Roberts — who wrote his own dissenting opinion — said he wouldn’t offer the stay because the lower court properly applied the court’s precedents as they stand now. 

“The governing standard for vote dilution claims under section 2 of the Voting Rights Act is set forth in Thornburg v. Gingles … which requires ‘the minority group ... to demonstrate that it is sufficiently large and geographically compact to constitute a majority in a single-member district,’” the George W. Bush appointee wrote. “The District Court reviewed the submissions of the plaintiffs’ experts and explained at length the factbound bases for its conclusion that the plaintiffs had made that showing.” 

This ruling from Roberts is not a departure from his previously held views but instead allows the public to see where the other conservative justices might fall on voting rights issues in relation to his beliefs. 

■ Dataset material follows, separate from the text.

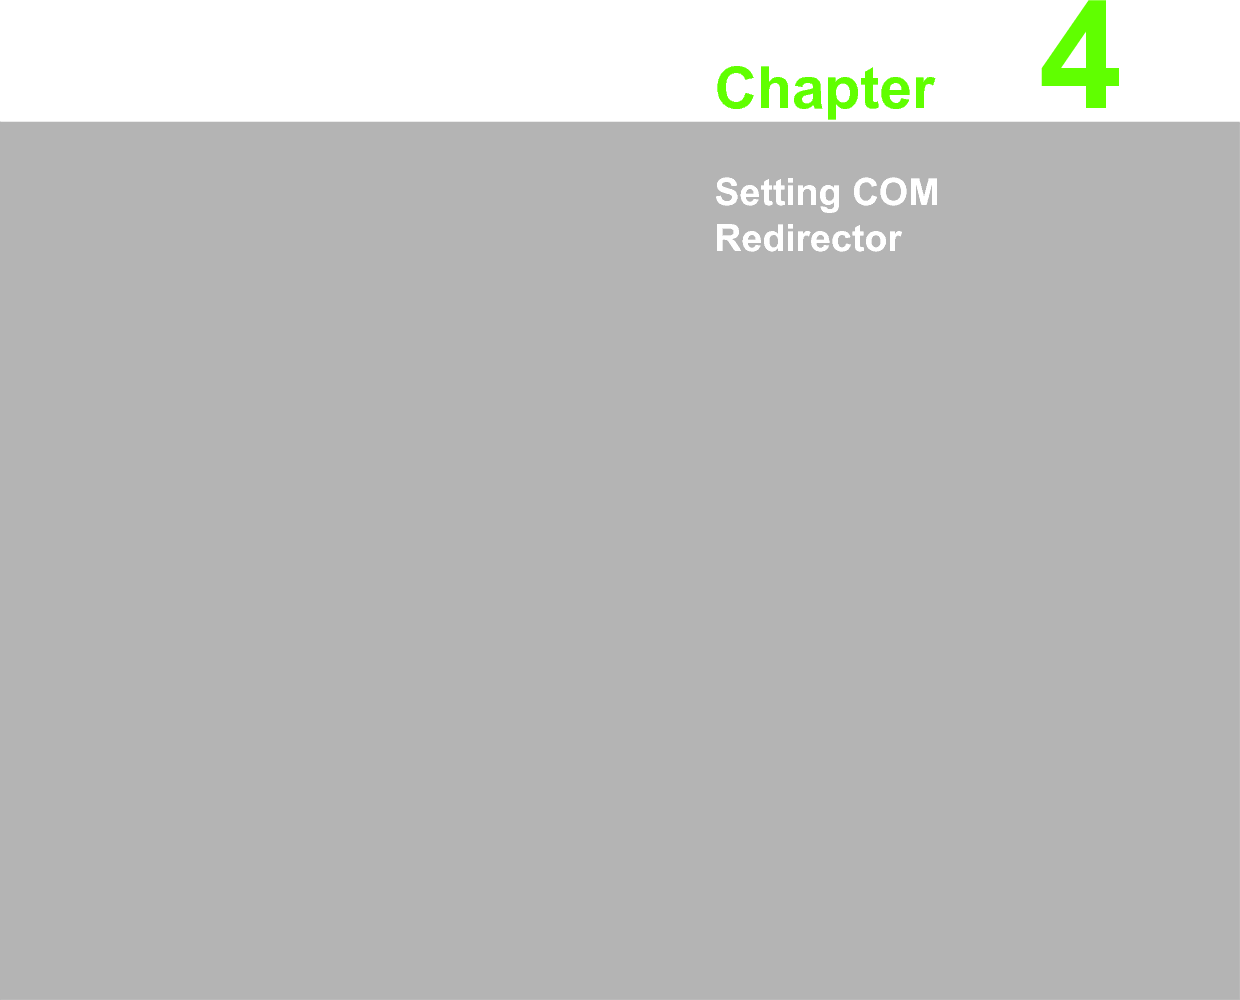 Chapter 44Setting COM Redirector

“​​I think it speaks to how extreme and unfounded this decision was … This is a strong case and even [Roberts] who has not issued many decisions favorable to people on the side of voting rights recognized that this was basically changing the rules as the game was being played,” Rosborough said. “Of course, unfortunately, it is not a game at all. It affects the ability of many Black Alabamians to elect their chosen candidates.”  

Alabama is not the only state that is facing a contested congressional map. It is not clear how the court’s ruling this week will affect other cases, but experts say it could present an uphill battle. If this case was too close to the election for litigation to continue, it’s possible that other cases would be as well. 

Besides delaying litigation on Alabama’s congressional map until after the 2022 election, the ruling is also significant because the court agreed to hear another case concerning the Voting Rights Act. 

“It is a big deal that the Supreme Court is taking this case because this standard has in place since 1986 when the Thornburg v. Gingles case was taken up after Congress amended the Voting Rights Act in 1982 and it adopted the current standard,” Rosborough said. “Since then the Supreme Court has heard cases about it, but it's really just provided more guidance around the standard, it hasn't really changed it. So the potential for them to drastically change that standard would have a major impact.” 

The justices’ decision to stay the lower court’s ruling does not necessarily indicate they will rule one way or the other when they hear the full case, but it could suggest a further rightward shift on voting rights decisions. 

“The fact that they chose to overturn the lower court right now suggests that it's really moving in a much more aggressive conservative direction than it had been for a long time,” Bateman said. 

The result from such decision on voting rights could be an increase in one party dominance. 

“It doesn't mean that there's going to be an imposition of mass disenfranchisement, but it does mean that the types of practices that we already are extremely susceptible to in the United States … of manipulating institutional rules to ensure a single political party’s dominance are likely to become even more common because there's not going to be that judicial check,” Bateman said.